**Assignment:** Reproduce the listing below in full and exactly; no pictures belong in the copy.

**Supplied material:**
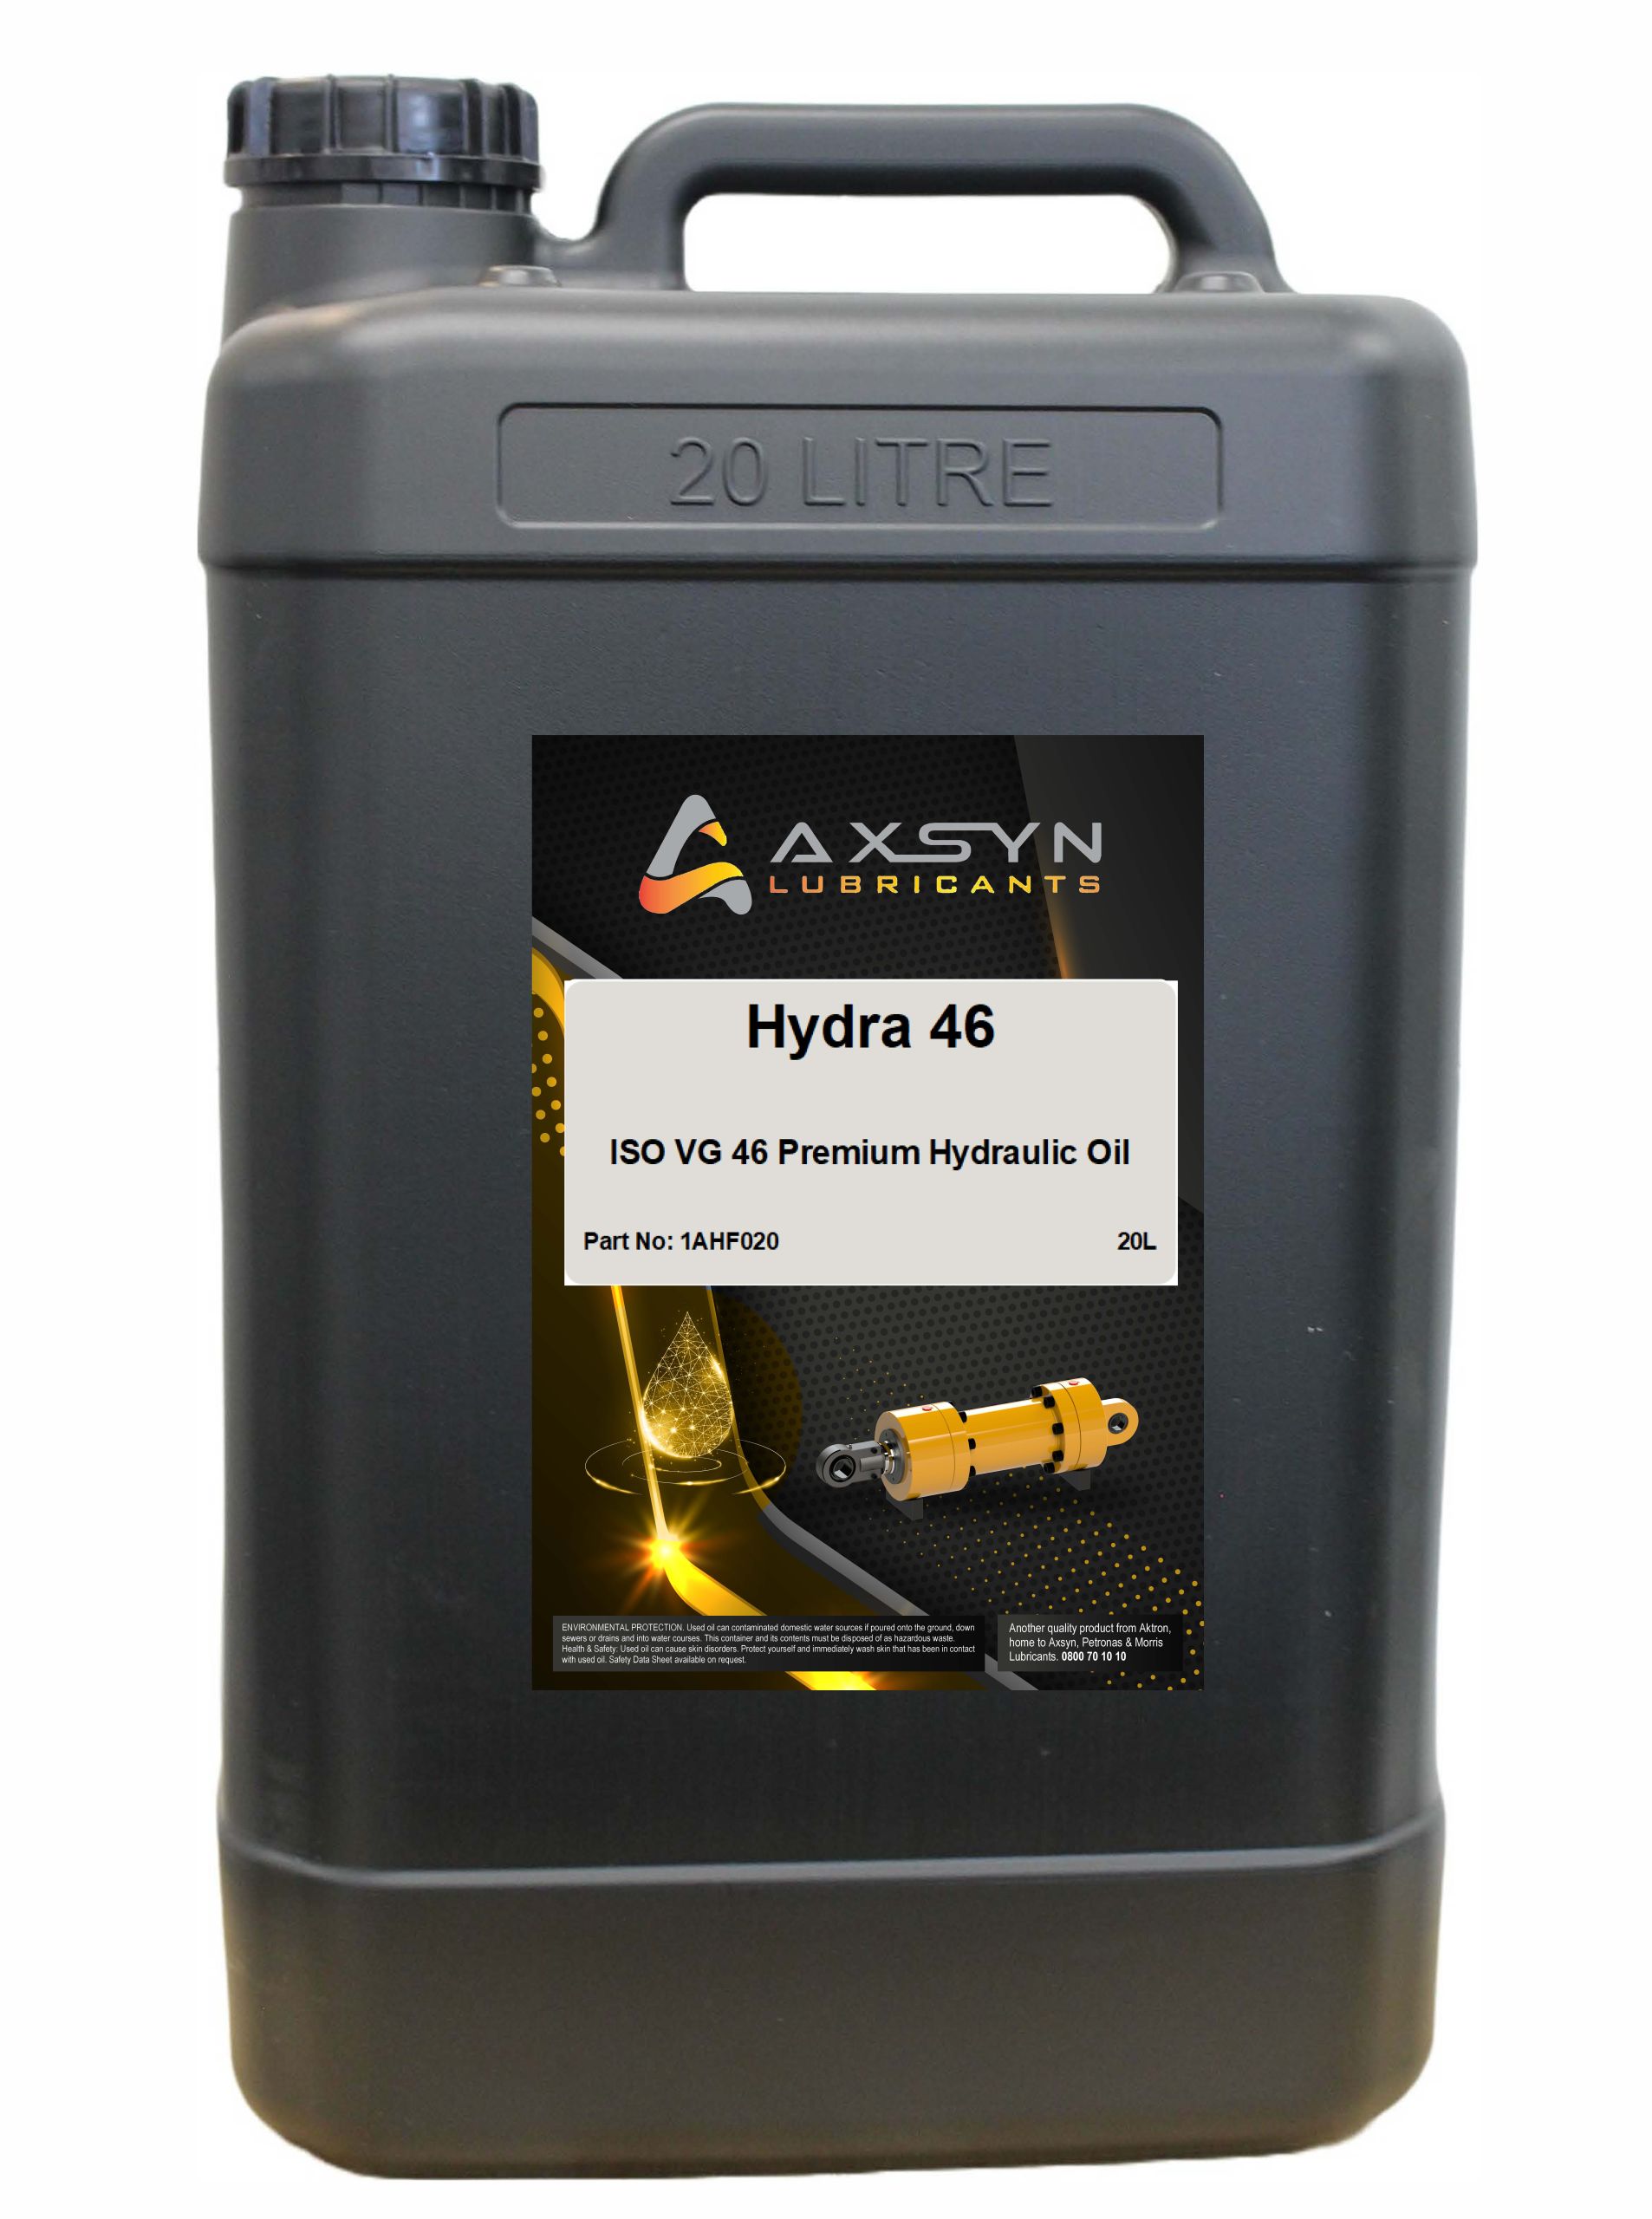 Axsyn Hydra 46
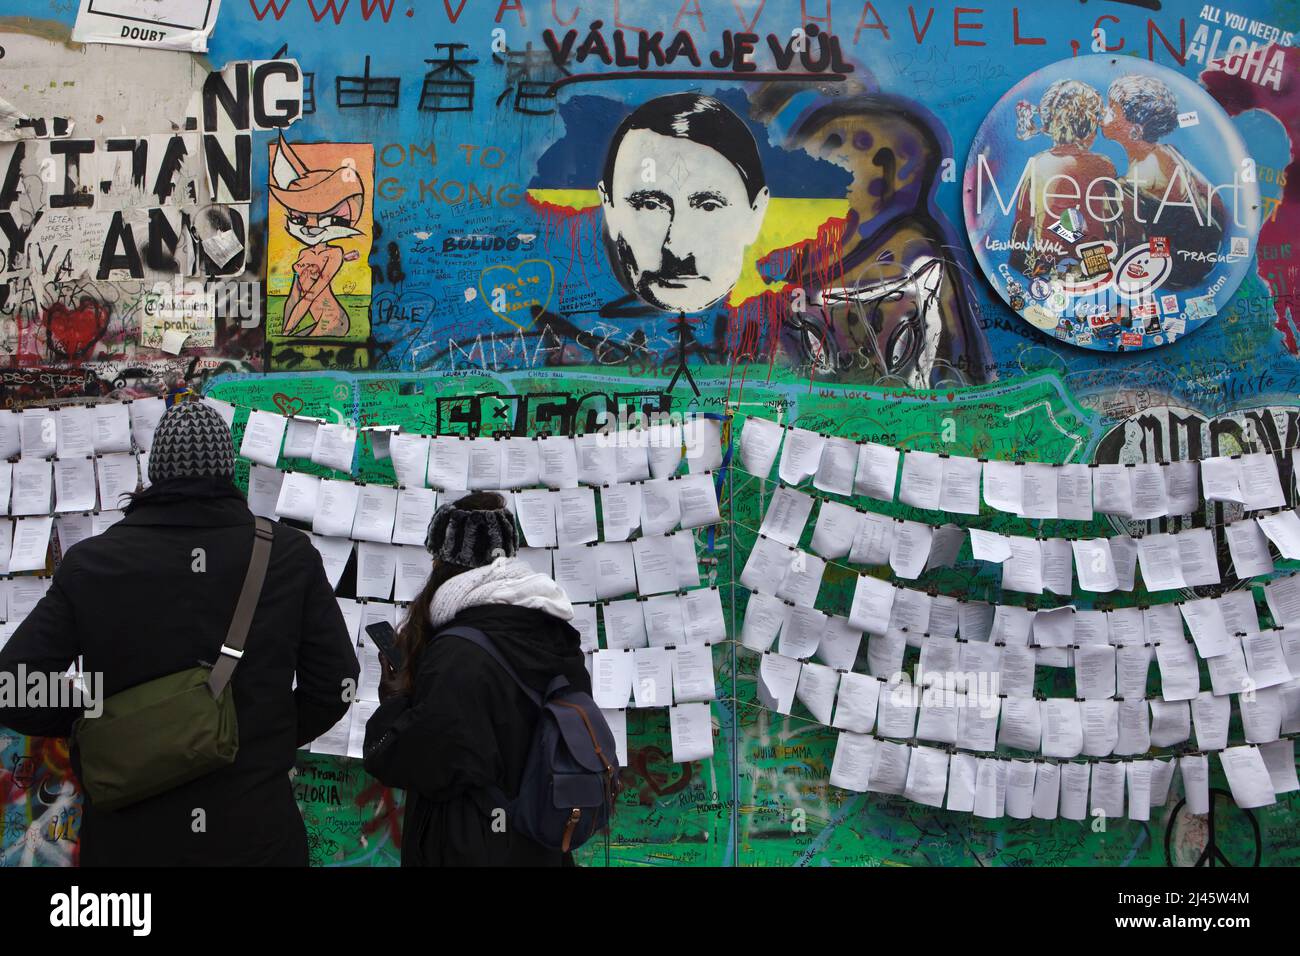 il presidente russo Vladimir Putin ha raffigurato il muro di Lennon (Lennonova zeď) a Praga, Repubblica Ceca. Il presidente Vladimir Putin è raffigurato con i caratteristici baffi da taglio e da spazzolino di Adolf Hitler collocati sulla sanguinosa mappa dell'Ucraina per protestare contro l'invasione russa dell'Ucraina nel 2022. L'iscrizione ceca sul capo di Putin 'Válka je vůl' (letterario significa: La guerra è un bue) è una linea di una canzone popolare della rock band ceca 'Synkopy 61'. I turisti nella foto del 2 aprile 2022 leggono i testi antguerra posti accanto al Muro di Lennon. Foto Stock
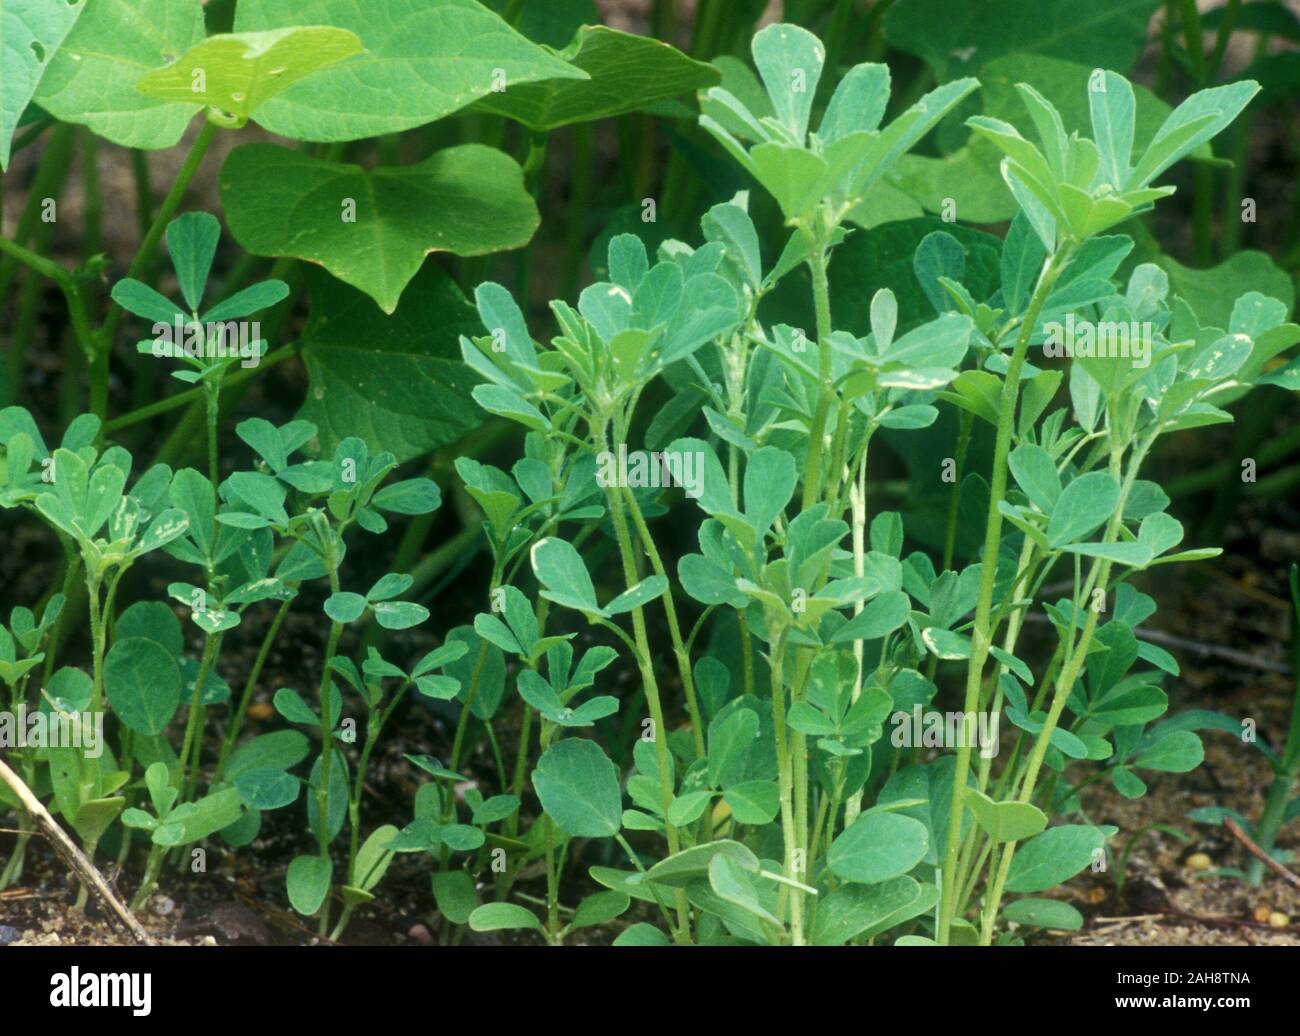 De plus en plus de fenugrec (Trigonella foenum-graecum) est cultivée comme une culture semi-arides. Utilisé comme ingrédient commun dans les plats de l'Inde. Banque D'Images

**Solved problem:**
 Axsyn Hydra 46
 il presidente russo Vladimir Putin ha raffigurato il muro di Lennon (Lennonova zeď) a Praga, Repubblica Ceca. Il presidente Vladimir Putin è raffigurato con i caratteristici baffi da taglio e da spazzolino di Adolf Hitler collocati sulla sanguinosa mappa dell'Ucraina per protestare contro l'invasione russa dell'Ucraina nel 2022. L'iscrizione ceca sul capo di Putin 'Válka je vůl' (letterario significa: La guerra è un bue) è una linea di una canzone popolare della rock band ceca 'Synkopy 61'. I turisti nella foto del 2 aprile 2022 leggono i testi antguerra posti accanto al Muro di Lennon. Foto Stock
 De plus en plus de fenugrec (Trigonella foenum-graecum) est cultivée comme une culture semi-arides. Utilisé comme ingrédient commun dans les plats de l'Inde. Banque D'Images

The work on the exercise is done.